======== Stored data

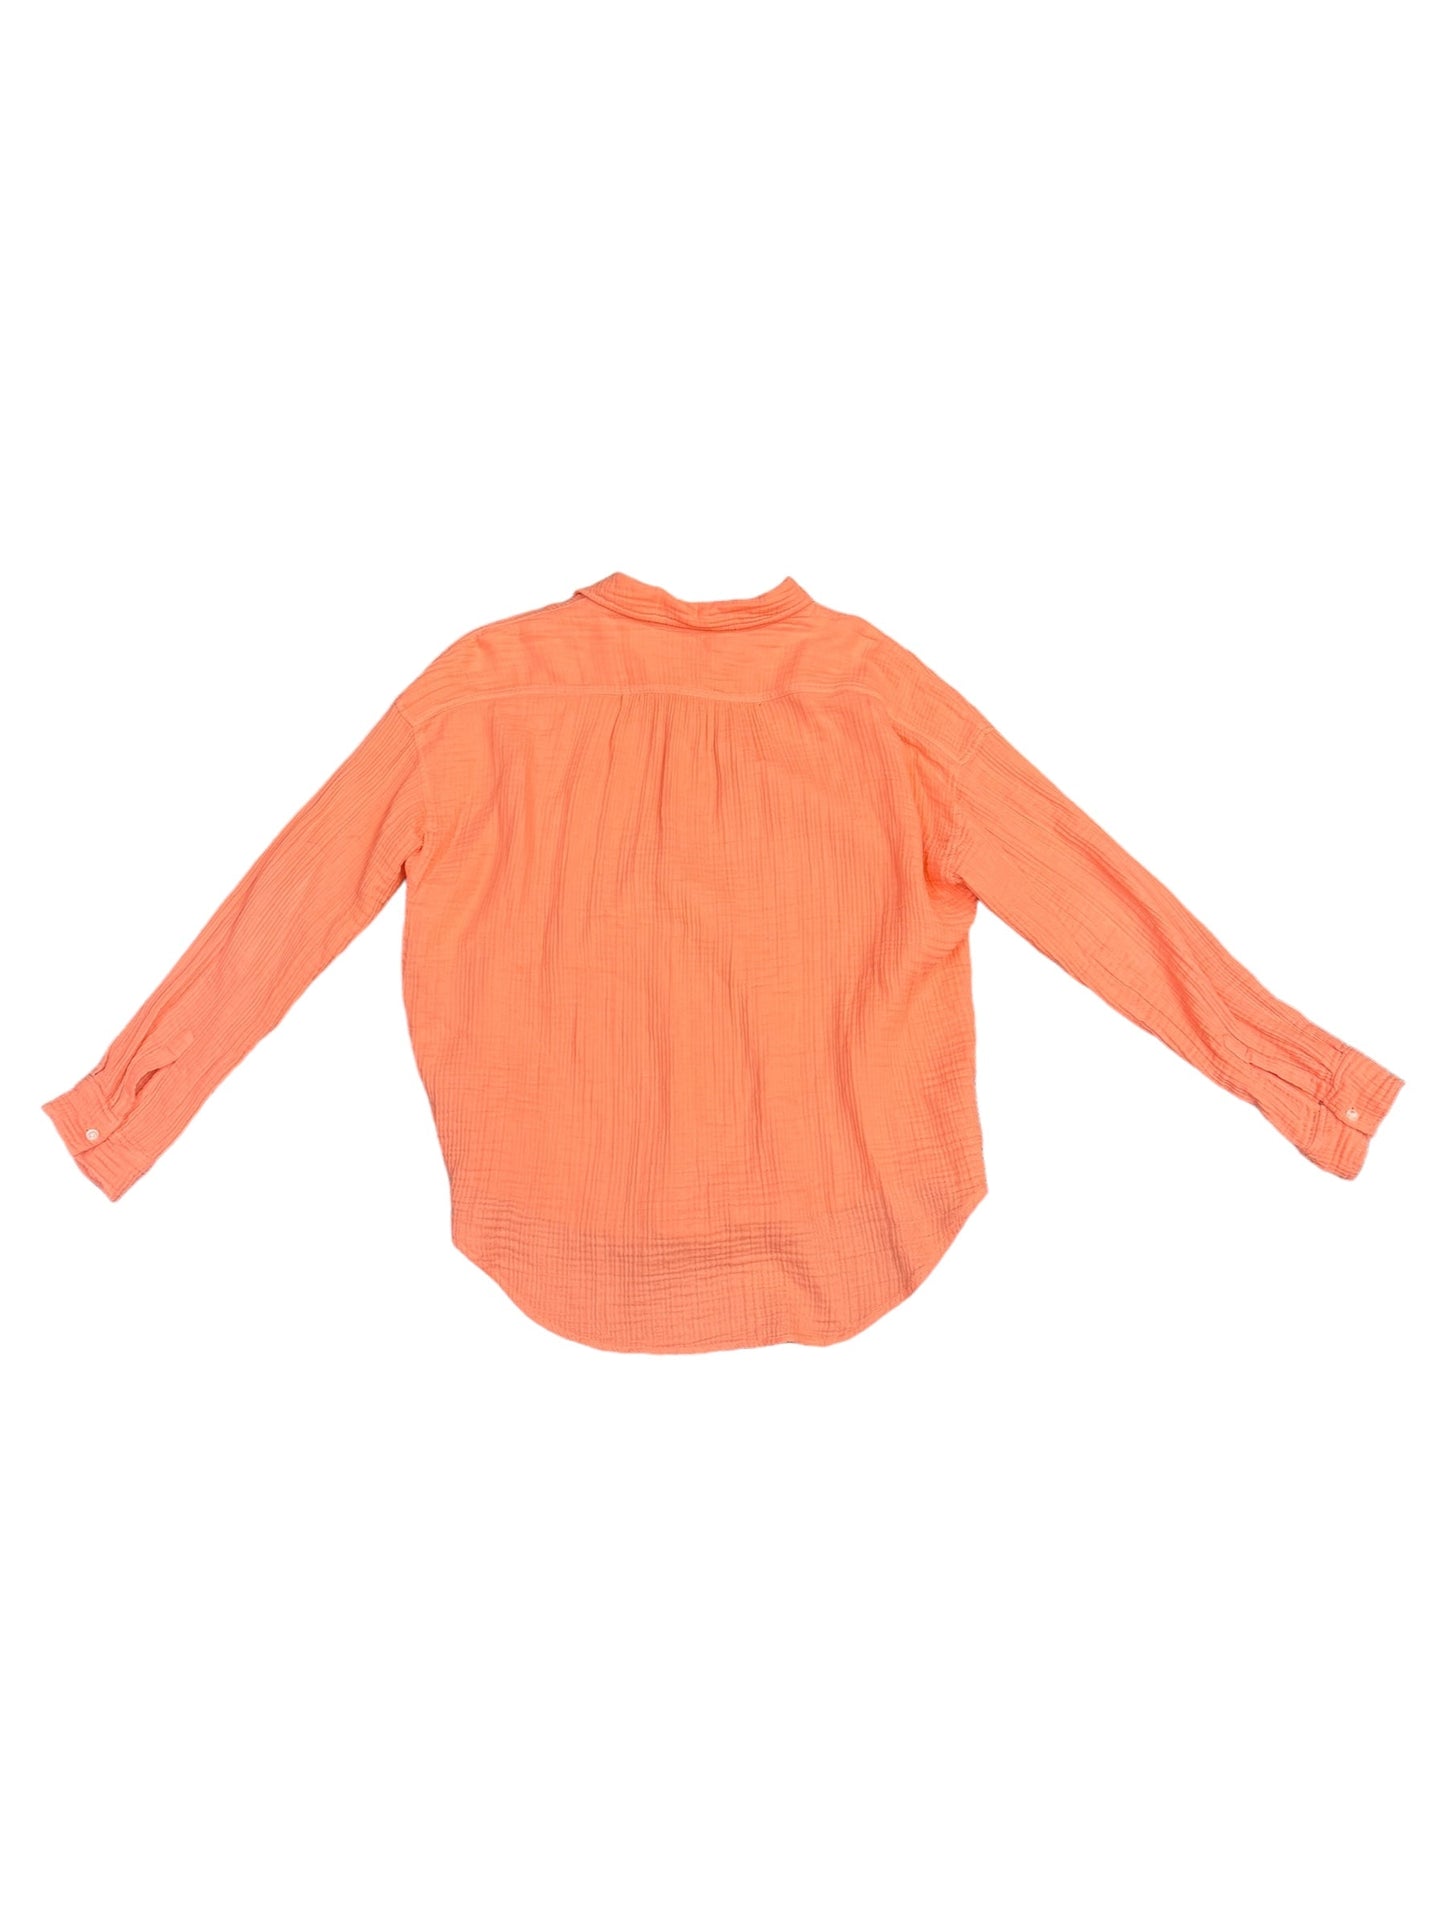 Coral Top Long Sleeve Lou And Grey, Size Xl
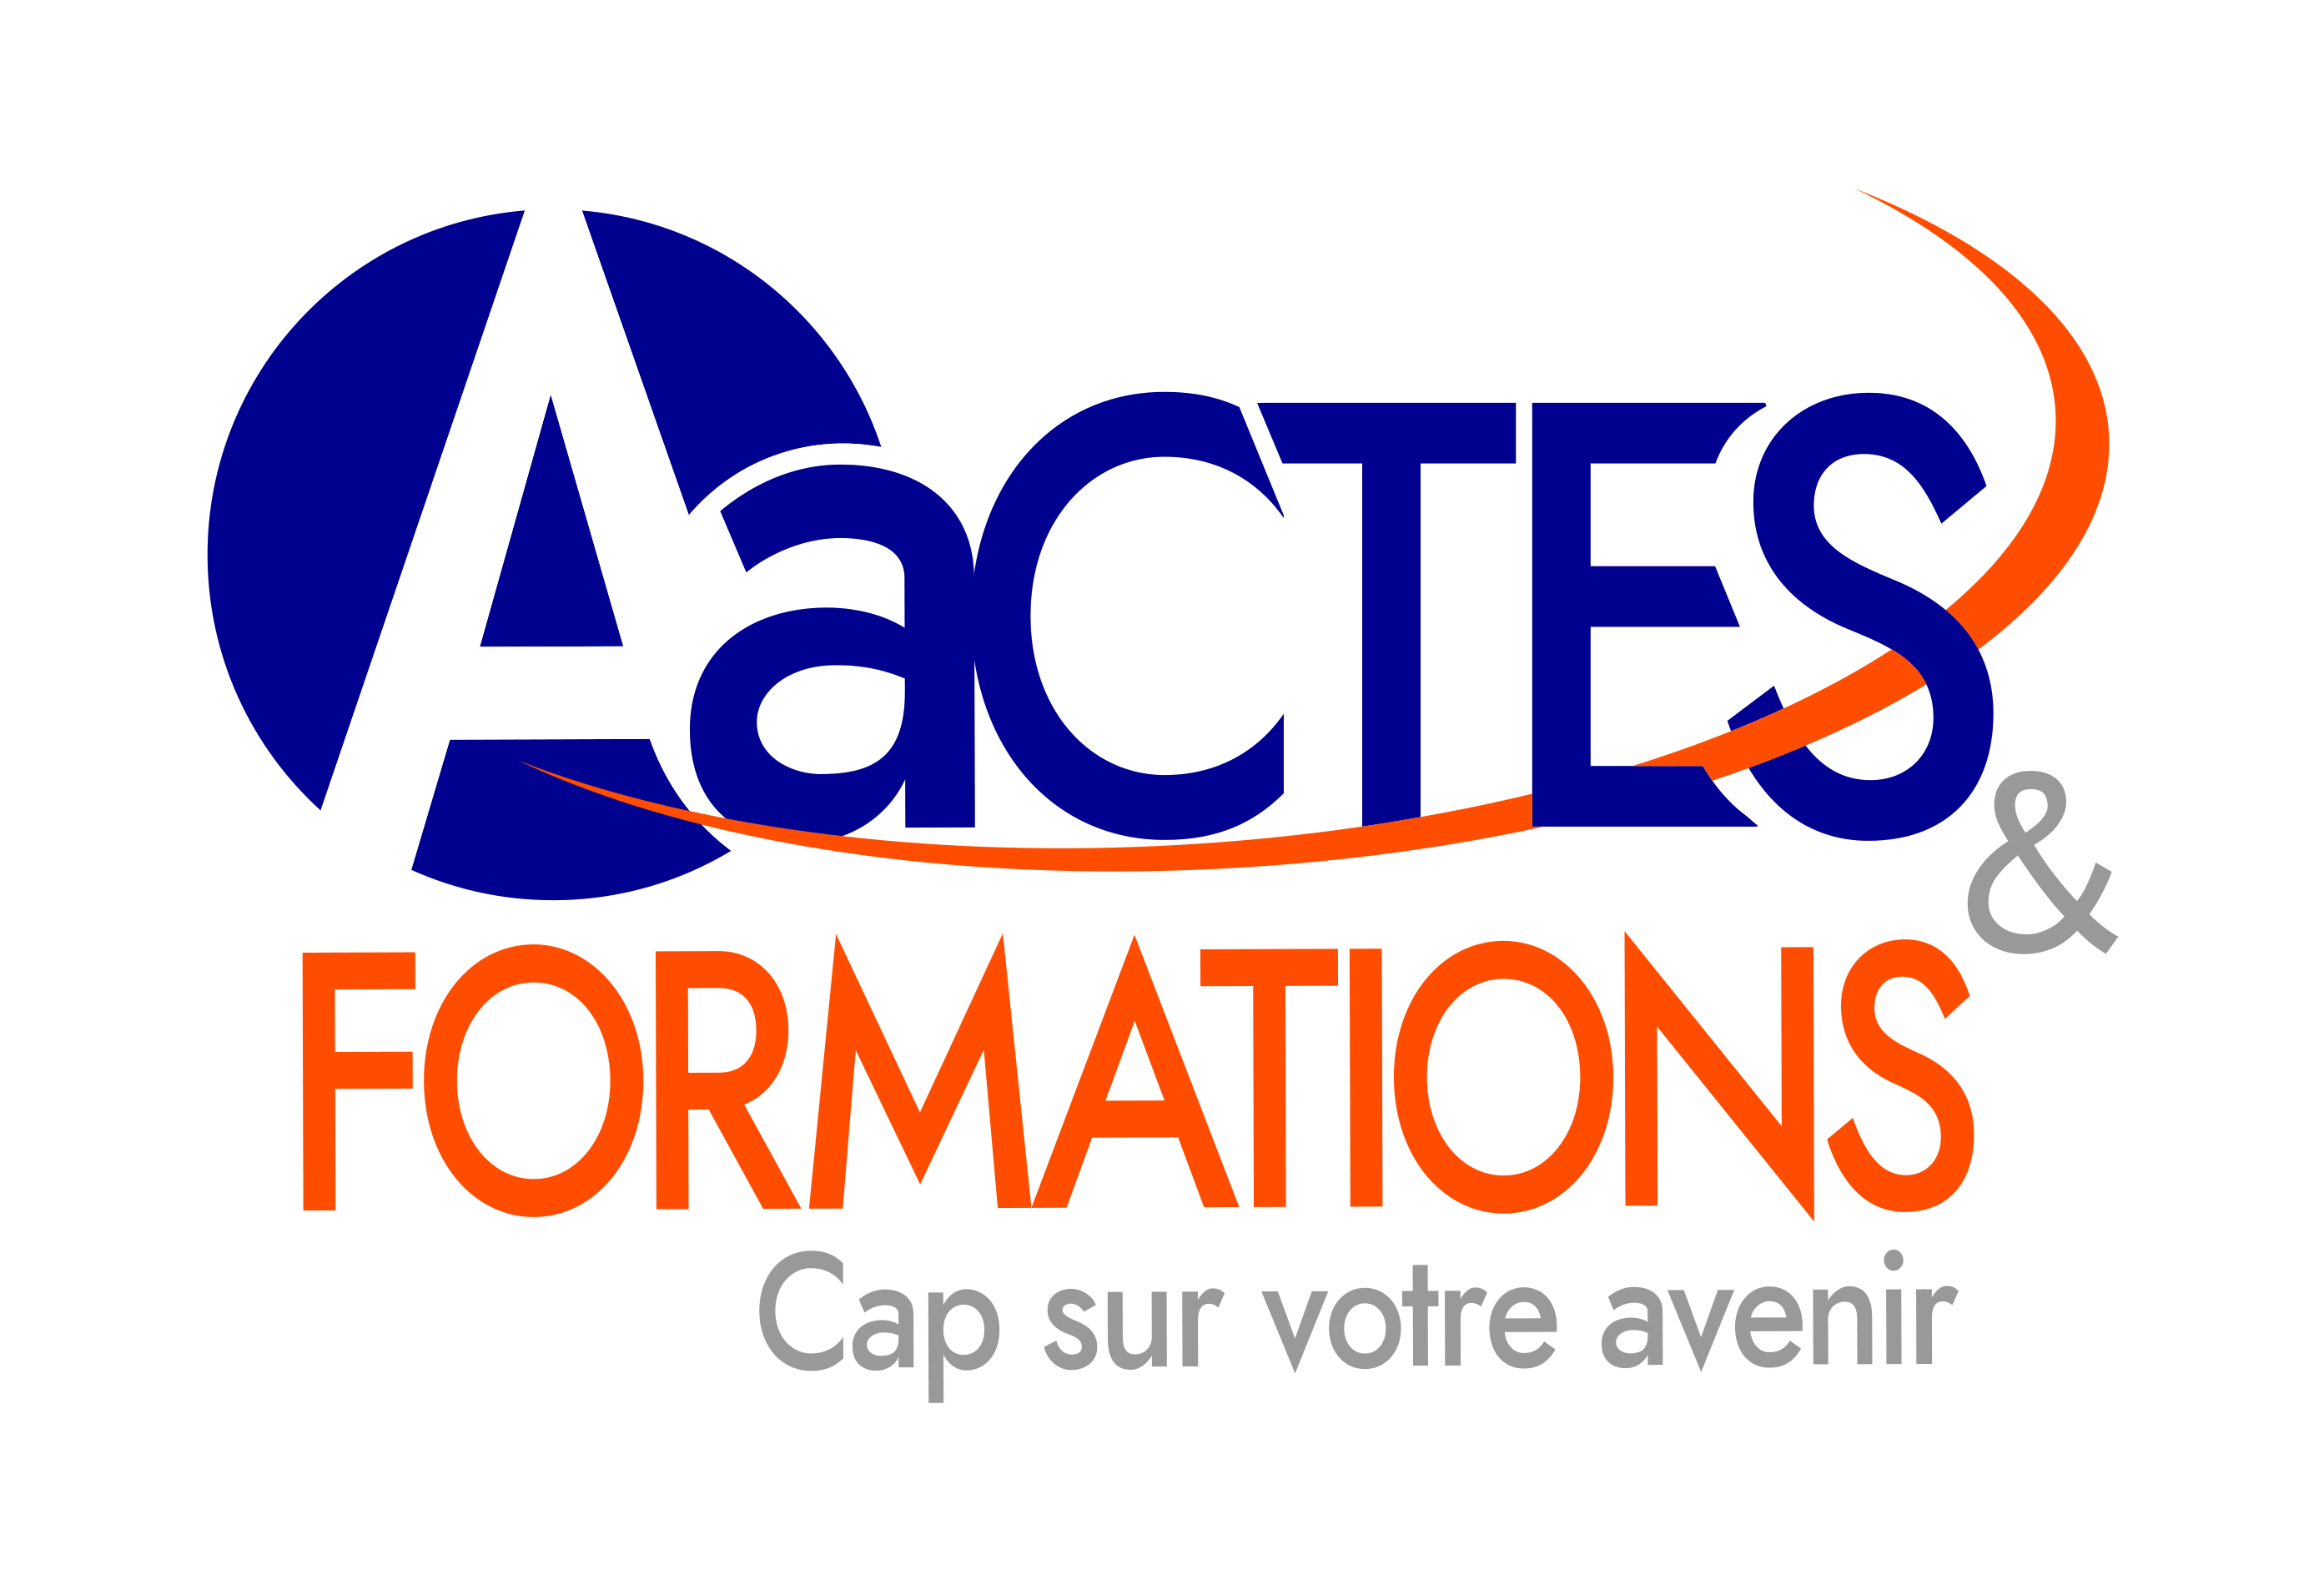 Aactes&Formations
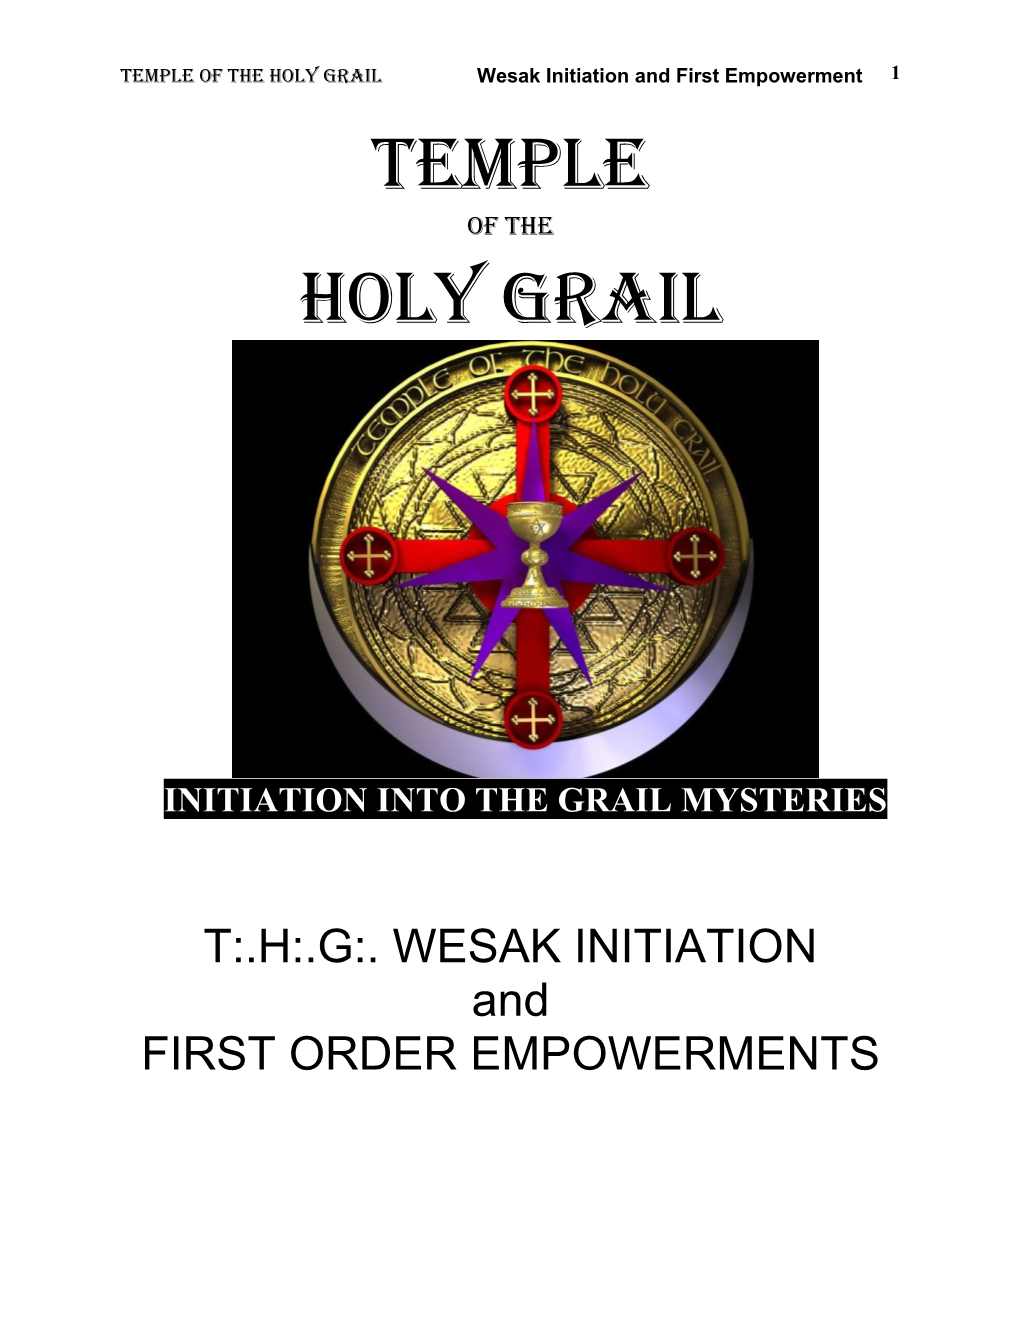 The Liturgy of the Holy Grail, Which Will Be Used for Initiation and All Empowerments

================

§ **Requirement**
Would you print the whole listing exactly, omitting the pictures?

§ **Task answer**
 Coral Top Long Sleeve Lou And Grey, Size Xl
 Aactes&Formations
 The Liturgy of the Holy Grail, Which Will Be Used for Initiation and All Empowerments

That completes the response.